Вдруг зашевелился спавший на диване пьяный Геннадий, он пробормотал: «Отца и Бога», а потом раскрыл полностью глаза и сказал довольно ясно и твердо: «А я в бога не верю». Аделина возразила: «Вера или неверие — интимные чувства. Ты бы, Геночка, попридержал свое неверие при себе, без публичной огласки». Гена рыгнул и сказал: «А я всё равно не верю». Иосиф Михайлович, обычно сдержанно-рассудительный, полемист отменный, словно взвился: «Атеисты — удивительно бесцеремонные люди. Им ничего не стоит произнести в компании умозаключения относительно Бога — возможно, оскорбительные для других. Причем умозаключения эти основаны исключительно на невежестве, а точнее говоря, на непонимании предмета спора».
— Вот вы, молодой человек, Библию читали? — обратился он к Геннадию.
— Это еще зачем? — окончательно проснулся Гена.
— А какой предмет вы, простите, преподаете в вузе?
— Историю партии… Ну и что?
— Партия, историю которой вы, простите, преподаете, всегда считала и считает борьбу с религией и с верой в Бога своей важнейшей задачей.
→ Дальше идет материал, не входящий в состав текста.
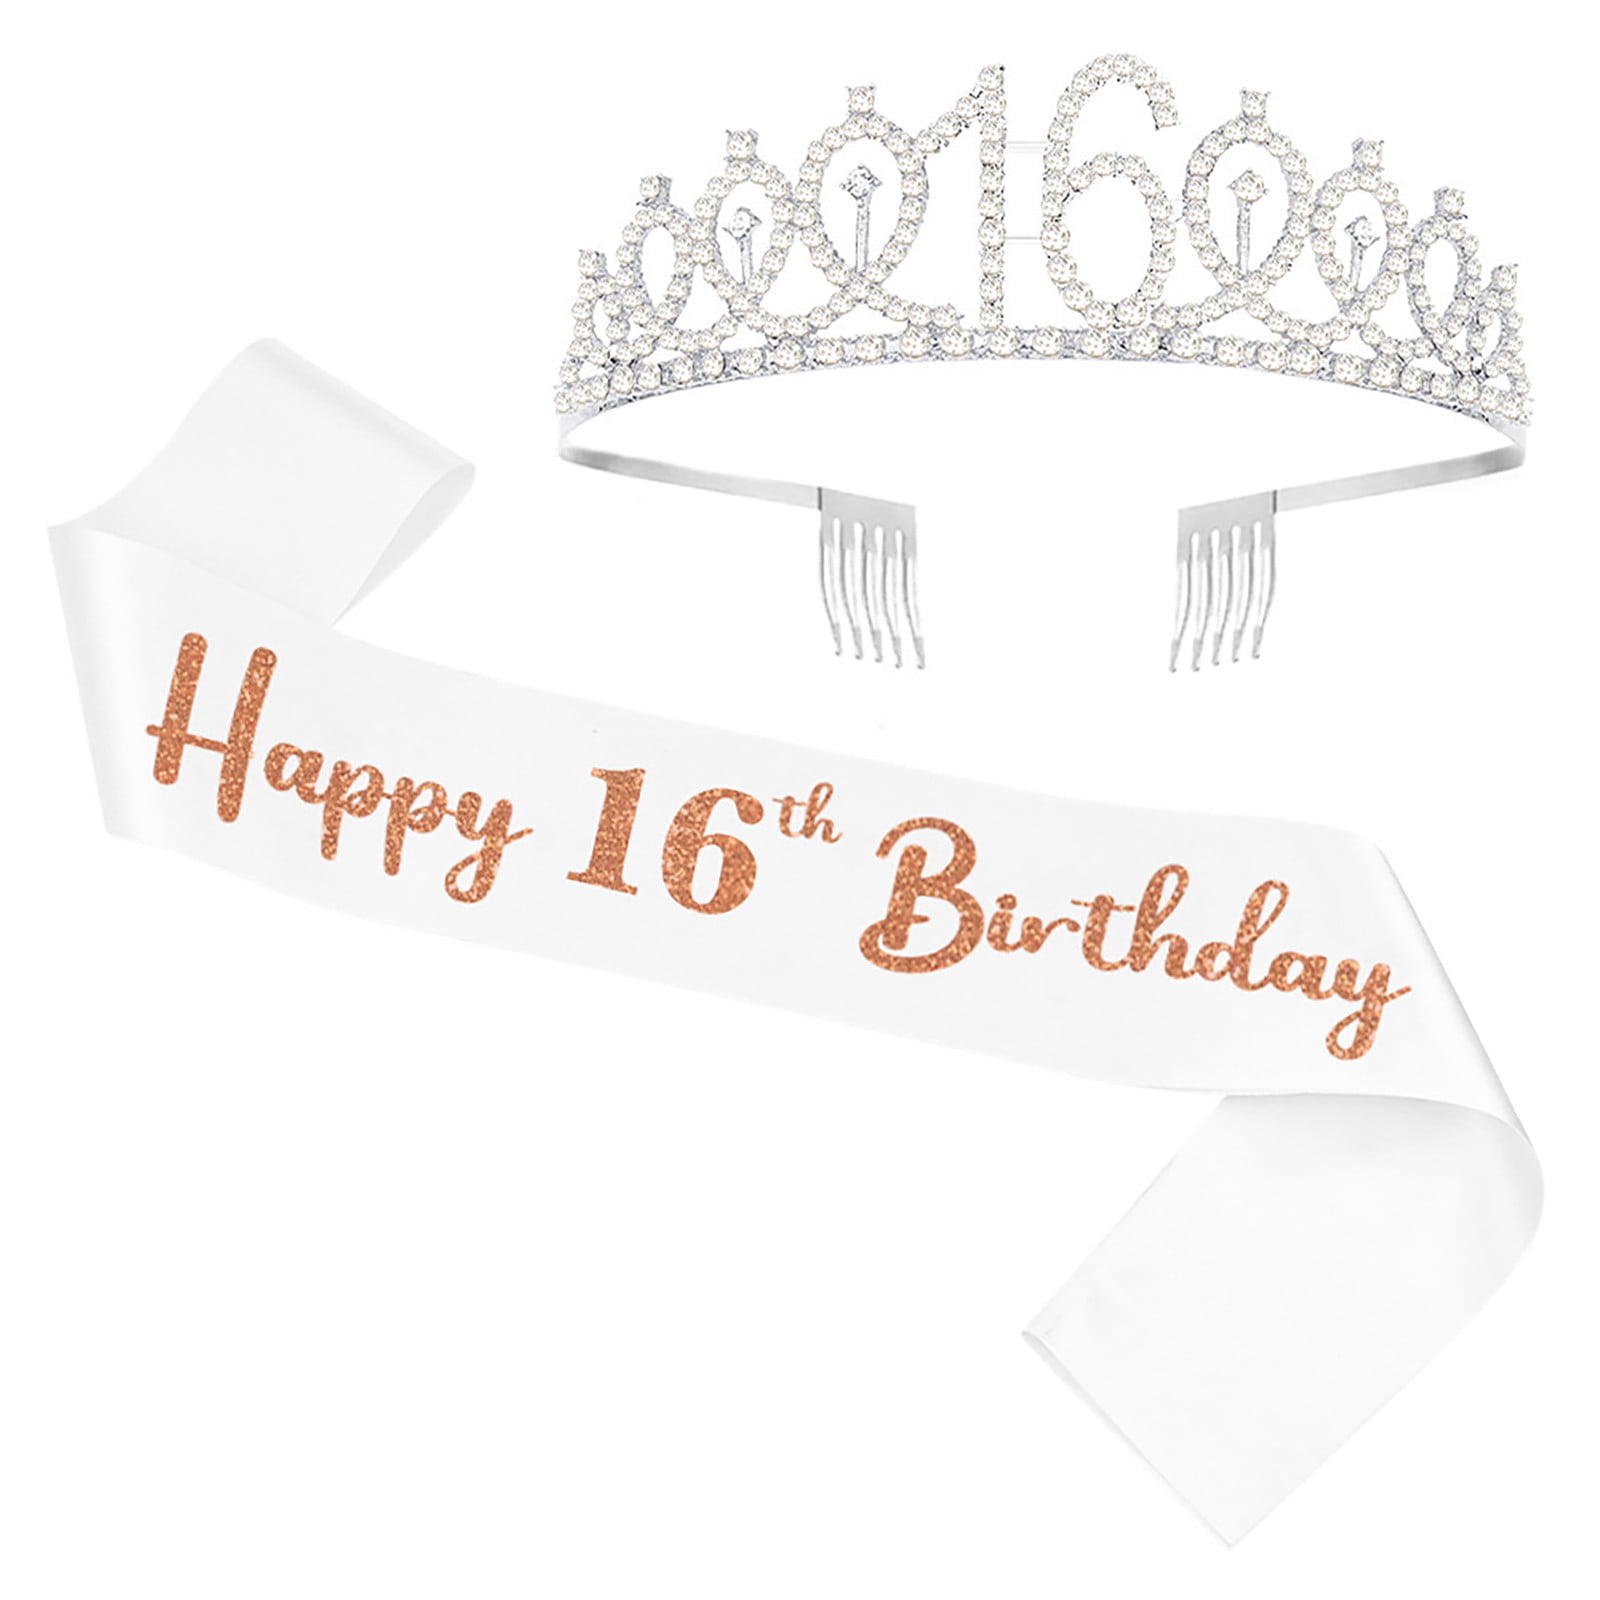 13th-birthday-decorations-for-girls-13th-birthday-sash-crown-tiara

И вы, простите, рассказываете студентам об этой жестокой борьбе, не прочитав Библию, то есть не зная предмета критики?
— Предмет я знаю, а лженауку читать не обязан.
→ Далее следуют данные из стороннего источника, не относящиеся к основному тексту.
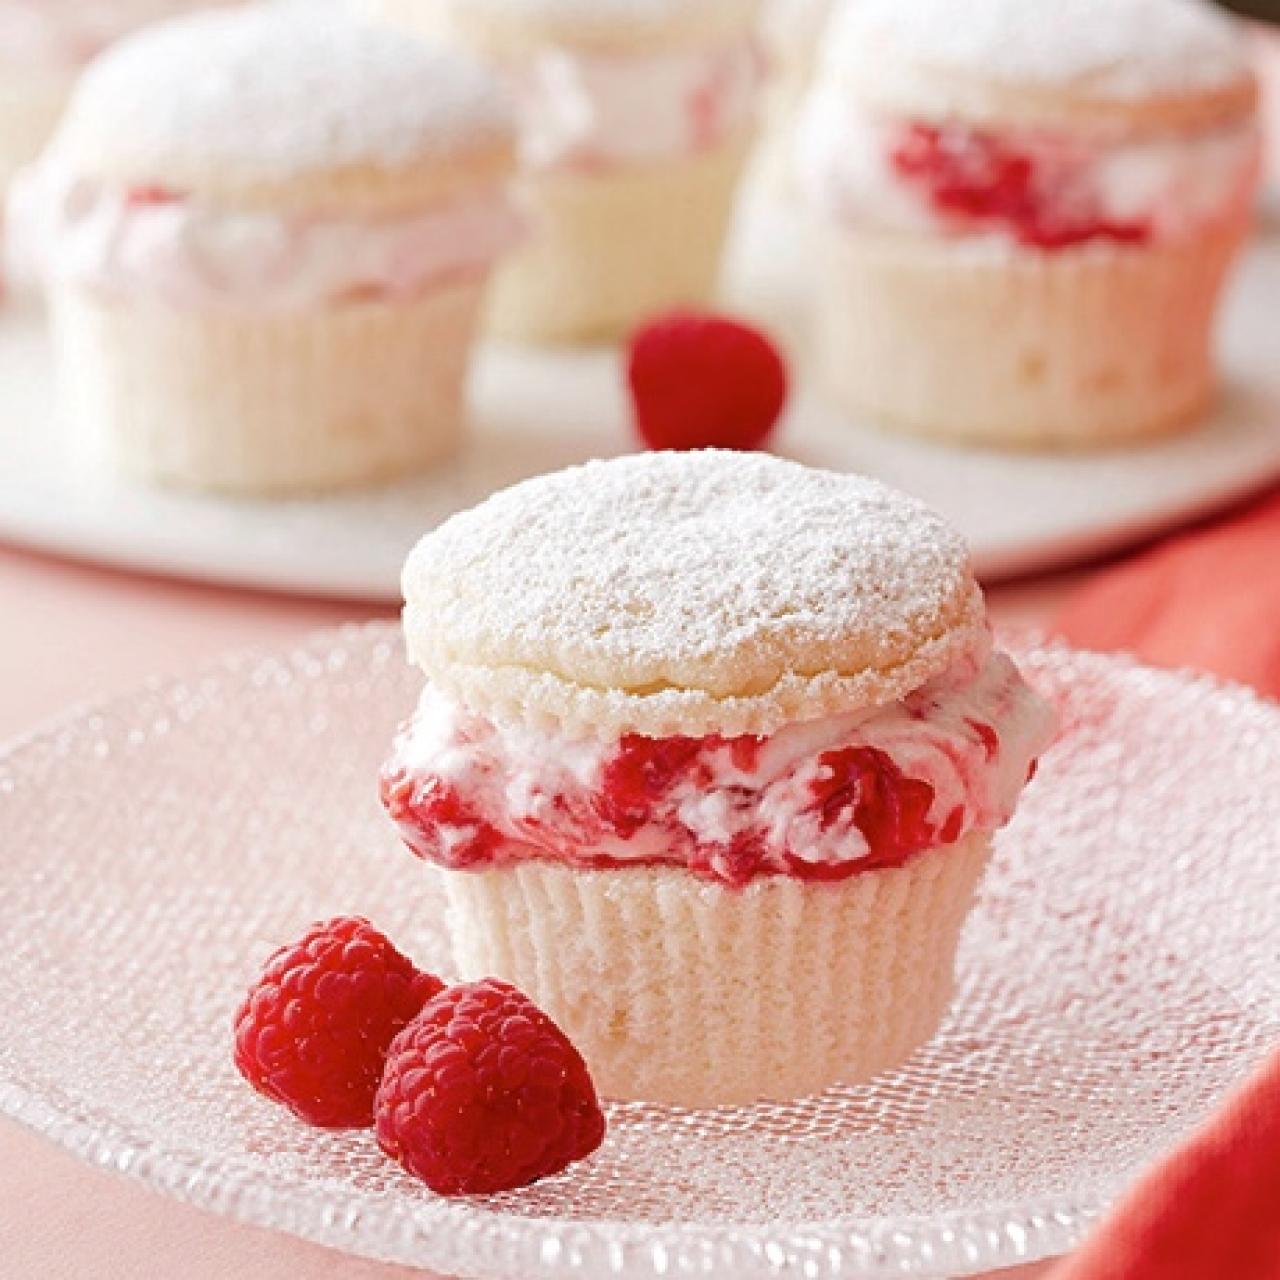 https://food.fnr.sndimg.com/content/dam/images/food/fullset/2013/6/19/0/CCEDI706_raspberry-cream-cupcakes-recipe_s4x3.jpg.rend.hgtvcom.1280.1280.suffix/1382543756574.jpeg

— Невежество, молодой человек, не следует предъявлять в качестве доказательства вашей правоты: чтобы критиковать лженауку, нужно, по крайней мере, знать что-то об этой лженауке. В истории, которую вы, простите, преподаете, лженаукой обзывались и кибернетика, и генетика. Не так ли и с религией, о которой вы, по вашим собственным словам, ничего знать не желаете?
— Религия — опиум для народа. Это еще Маркс доказал… А я наркотики не употребляю и в бога не верю.
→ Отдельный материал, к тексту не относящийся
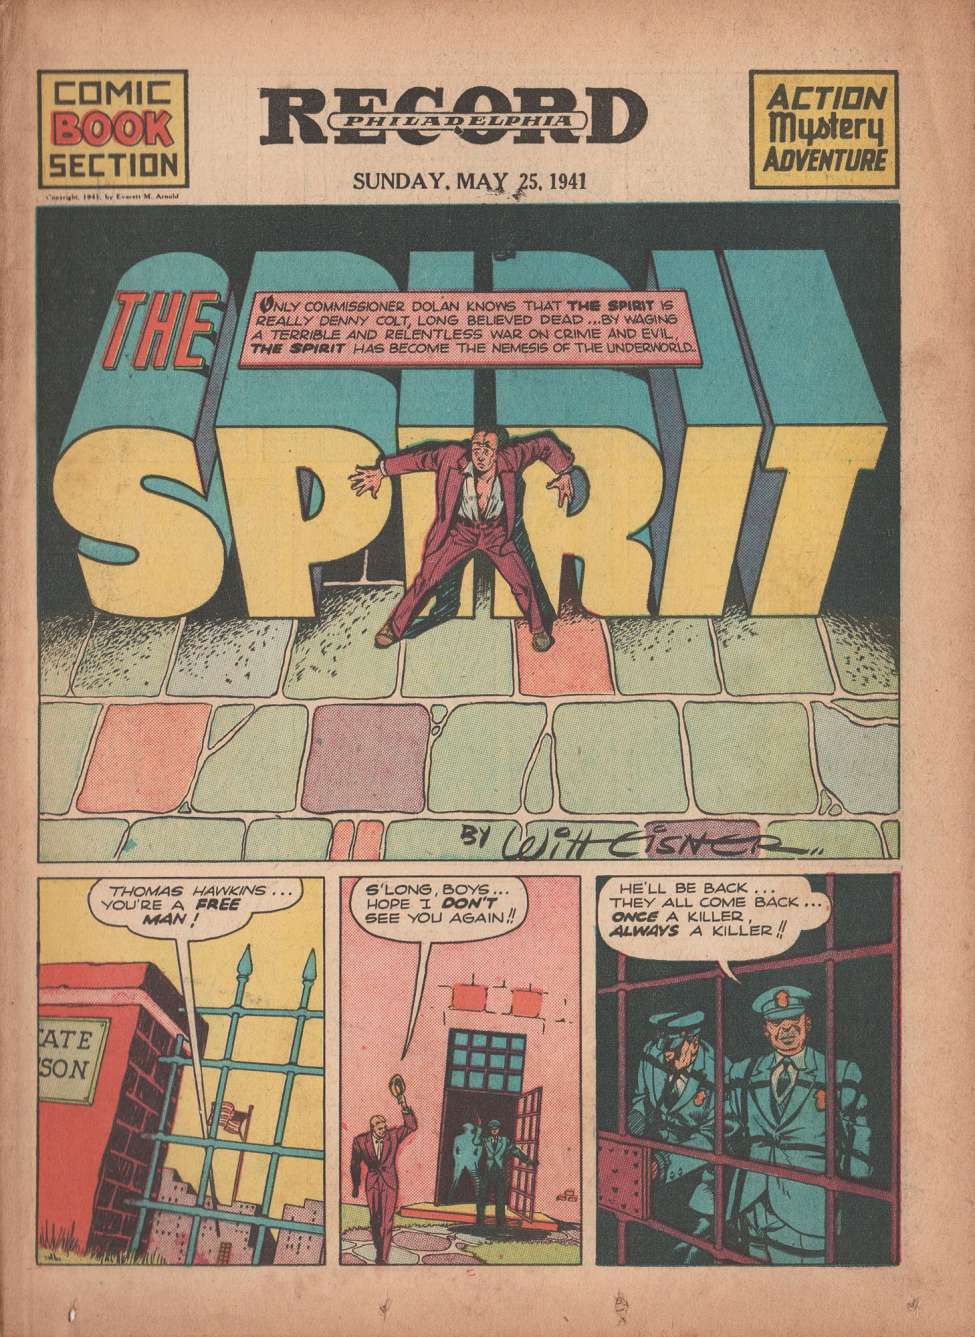 Comic Book Cover For The Spirit (1941-05-25) - Philadelphia Record

— Это я заметил — вы предпочитаете запивать водку красным вином… А относительно Бога скажу вам словами одного известного раввина: «В бога, в которого вы не верите, я тоже не верю!» От себя добавлю: нелепо было бы верить в карикатурного бога, созданного плоским воображением материалистов и преподнесенного населению в глупых агитках эпигонов марксизма типа Емельяна Ярославского. Эти агитки вы, позволю себе предположить, и пересказываете своим студентам…
Гена собрался было дать резкую отповедь Иосифу Михайловичу с позиций марксизма-ленинизма, но молчаливо сидевшая рядом Люся вдруг прервала его: «Ты не волнуйся, Геночка, помолчи… Все знают, что тебя интересует очередной съезд партии, а не какие-то там эпигоны. Выпей кваску лучше…» Она подала Гене стакан холодного кваса, спор как будто исчерпал себя, Иосиф Михайлович вышел из комнаты, вероятно, чтобы погасить свое неожиданное возбуждение, а я сказал Люсе: «Ваше предложение насчет попить кваску было очень своевременным и разумным. Позвольте пожать вам руку…» Она подала руку, я потянул и вытащил ее с дивана, отвел в сторону: «Люся, вы, конечно, понимаете, что всё происходящее здесь не подлежит разглашению…» Она сделала удивленное лицо: «Почему вы говорите это мне?» Пришлось пояснить: «Если ваш друг будет трепаться об этом в своем кругу или, не дай бог, которого нет, информация о наших разговорах… так сказать, выйдет из-под контроля, то я его задавлю вот этими самыми руками». И я показал ей свои руки для убедительности. Люся заулыбалась: «Ценю вашу бдительность, Игорь. Не беспокойтесь: Гена и заикнуться побоится о своем участии в этом антисоветском сборище. Я ему раньше вас причиндалы отвинчу — он это знает…»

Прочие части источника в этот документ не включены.